Training works fine, generally. But completely randomly, in the middle of the training, training sometimes suddenly aborts with the following error:

RuntimeError: Subtraction, the -operator, with two bool tensors is not supported. Use the^orlogical_xor() operator instead.

This happens in “return torch.binary_cross_entropy_with_logits”.

Am I doing something wrong? Since the error happens randomly, the network seems to be fine, generally. So can it still be my fault? Any tips?

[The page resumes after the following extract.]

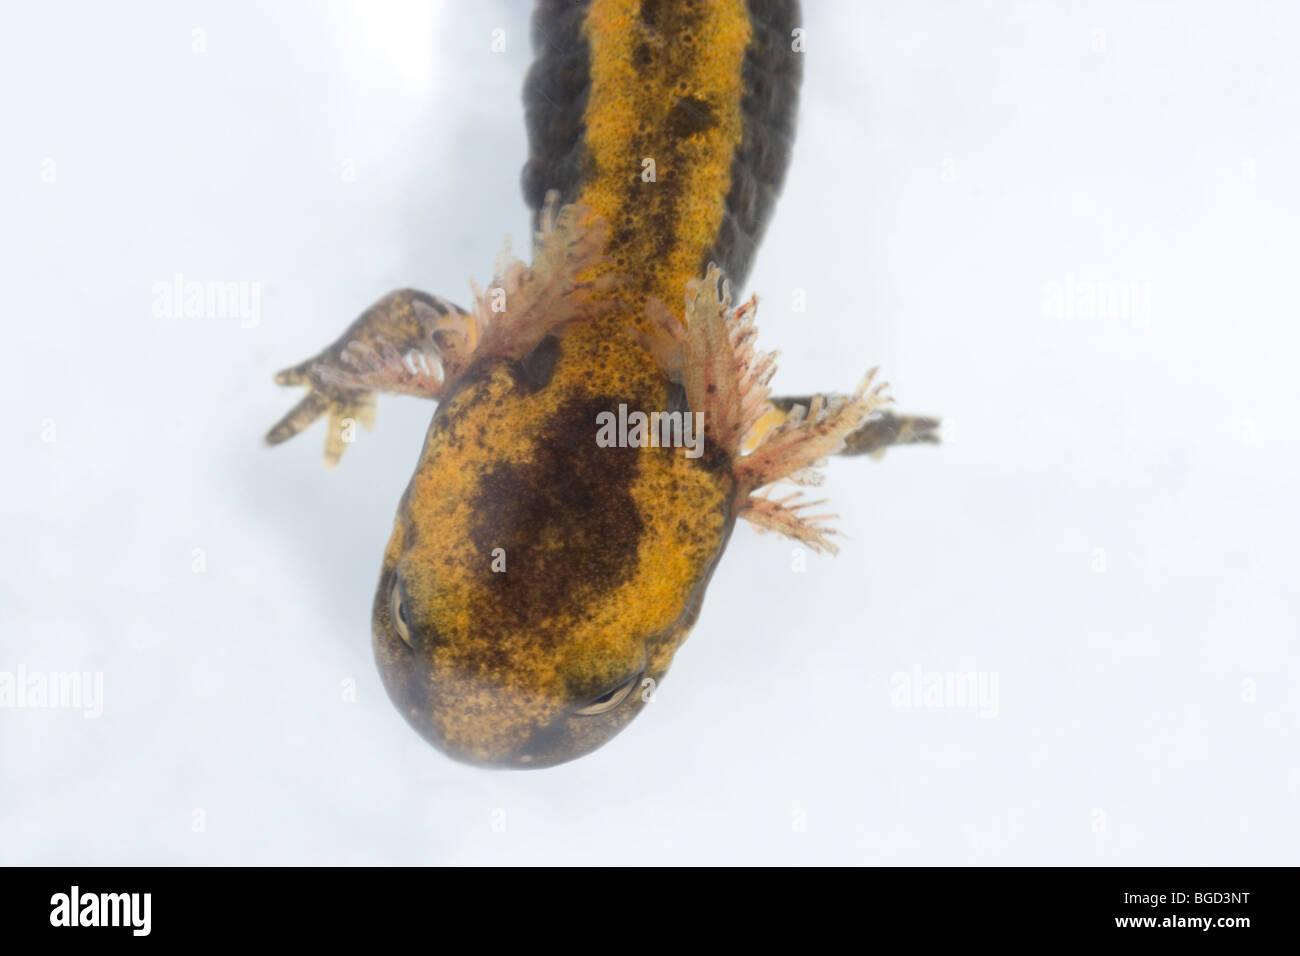 Unione salamandra pezzata (Salamandrs salamandra). Larva o tadpole mostrando le branchie esterne per la respirazione in acqua. Foto Stock
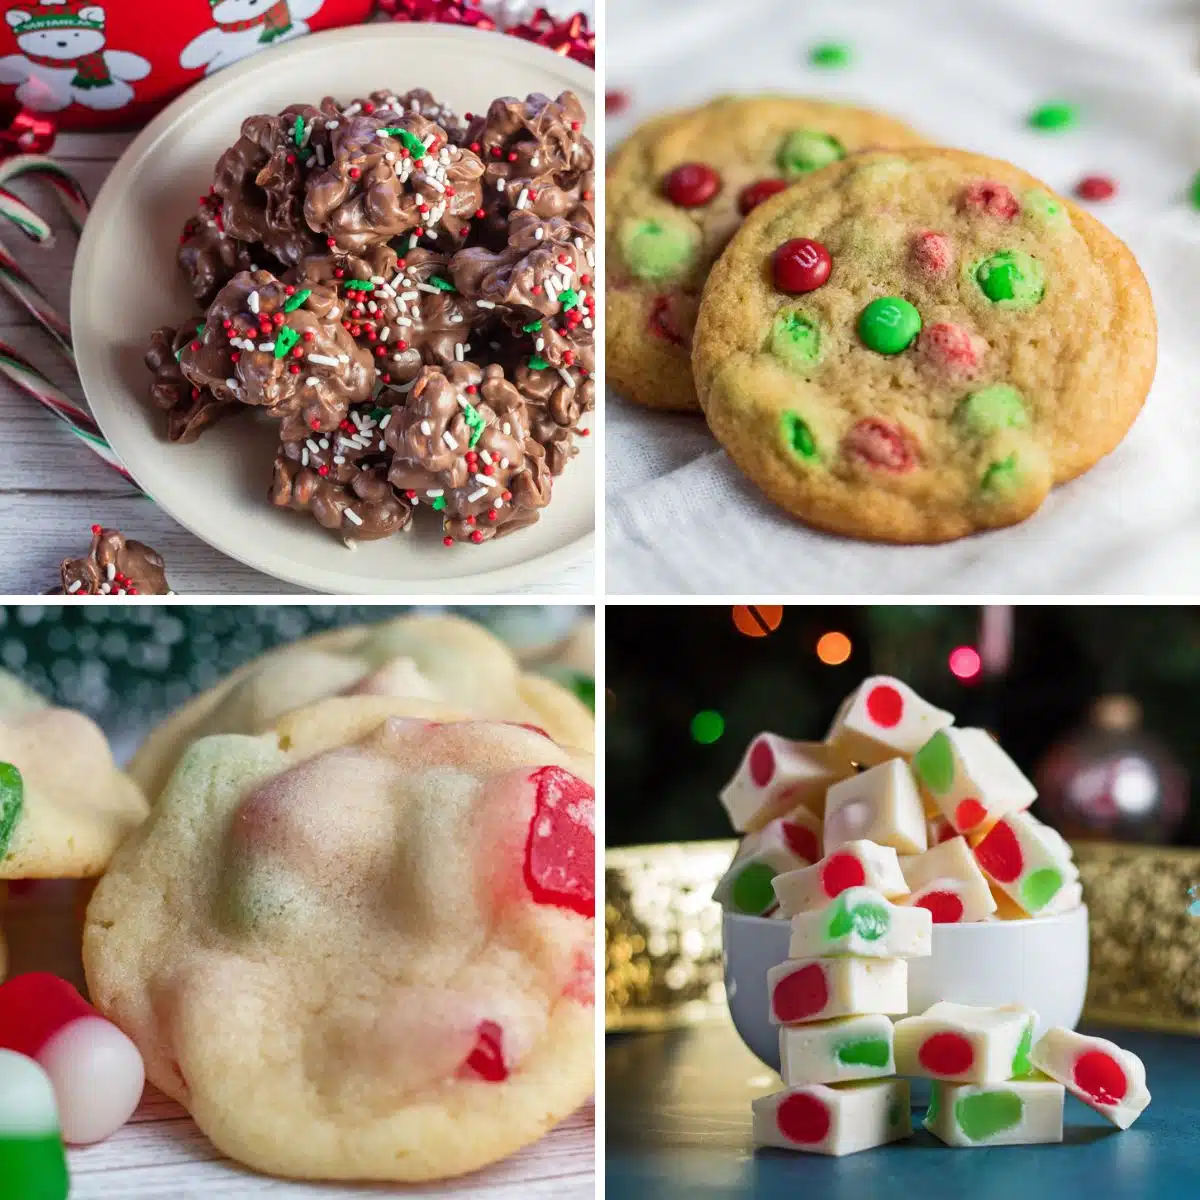 Kuki dan gula-gula pencuci mulut Krismas yang mudah dibuat untuk sambutan percutian yang lazat dan manis menampilkan empat kegemaran keluarga dalam kolaj persegi.

Network structure looks something like this:

        data   # image with 128x80 resolution
        data = self.convs(data)  # some convolutional layers
        data = F.interpolate(data, scale_factor = 1.0 / 2.0, mode="bilinear", align_corners=False)  # 64x40
        data = self.convs(data)
        data = F.interpolate(data, scale_factor = 1.0 / 2.0, mode="bilinear", align_corners=False)  # 32x20
        data = self.convs(data)
        data = F.interpolate(data, scale_factor = 1.0 / 2.0, mode="bilinear", align_corners=False)  # 16x10
        data = self.convs(data)
        data = F.interpolate(data, scale_factor = 1.0 / 2.0, mode="bilinear", align_corners=False)  # 9x5
        data = self.convs(data)
        data = F.interpolate(data, scale_factor = 1.0 / 2.0, mode="bilinear", align_corners=False)  # 4x2
        data = data.view(data.shape[0], -1)
        data = self.linearLayers(data)  # uses Linear layers to get down to 1 element
        return data

The error can be raised if you are passing the model output or target as a BoolTensor to nn.BCEWithLogitsLoss as seen here:

criterion = nn.BCEWithLogitsLoss()

output = torch.randn(10, 1, requires_grad=True)
target = torch.randint(0, 2, (10, 1)).float()

# works
loss = criterion(output, target)

# fails
loss = criterion(output, target.bool())
# RuntimeError: Subtraction, the `-` operator, with two bool tensors is not supported. Use the `^` or `logical_xor()` operator instead.

loss = criterion(output.bool(), target)
# RuntimeError: Negation, the `-` operator, on a bool tensor is not supported. If you are trying to invert a mask, use the `~` or `logical_not()` operator instead.

Based on the error message it seems the target tensor is a BoolTensor so check how it’s created and make sure it’s a floating point tensor using the same dtype as the model output.

Thanks for your reply! I’ve added a “print” instruction like this:

print(networkOutputTensor, labelTensor)
loss = self.loss_fn(networkOutputTensor, labelTensor)

Here’s the output:

tensor([-5.6328, -5.1094, -6.1445,  9.6719, -5.9961, 13.7109, -5.1367, 32.8438,
         3.5176, -4.2031, 13.0859,  0.6255, 29.5312, 16.6406, -6.0039, -4.9219],
       device='cuda:0', dtype=torch.float16, grad_fn=<SelectBackward0>)
tensor([0., 0., 0., 1., 0., 1., 0., 1., 1., 0., 1., 0., 1., 1., 0., 0.],
       device='cuda:0', dtype=torch.float64)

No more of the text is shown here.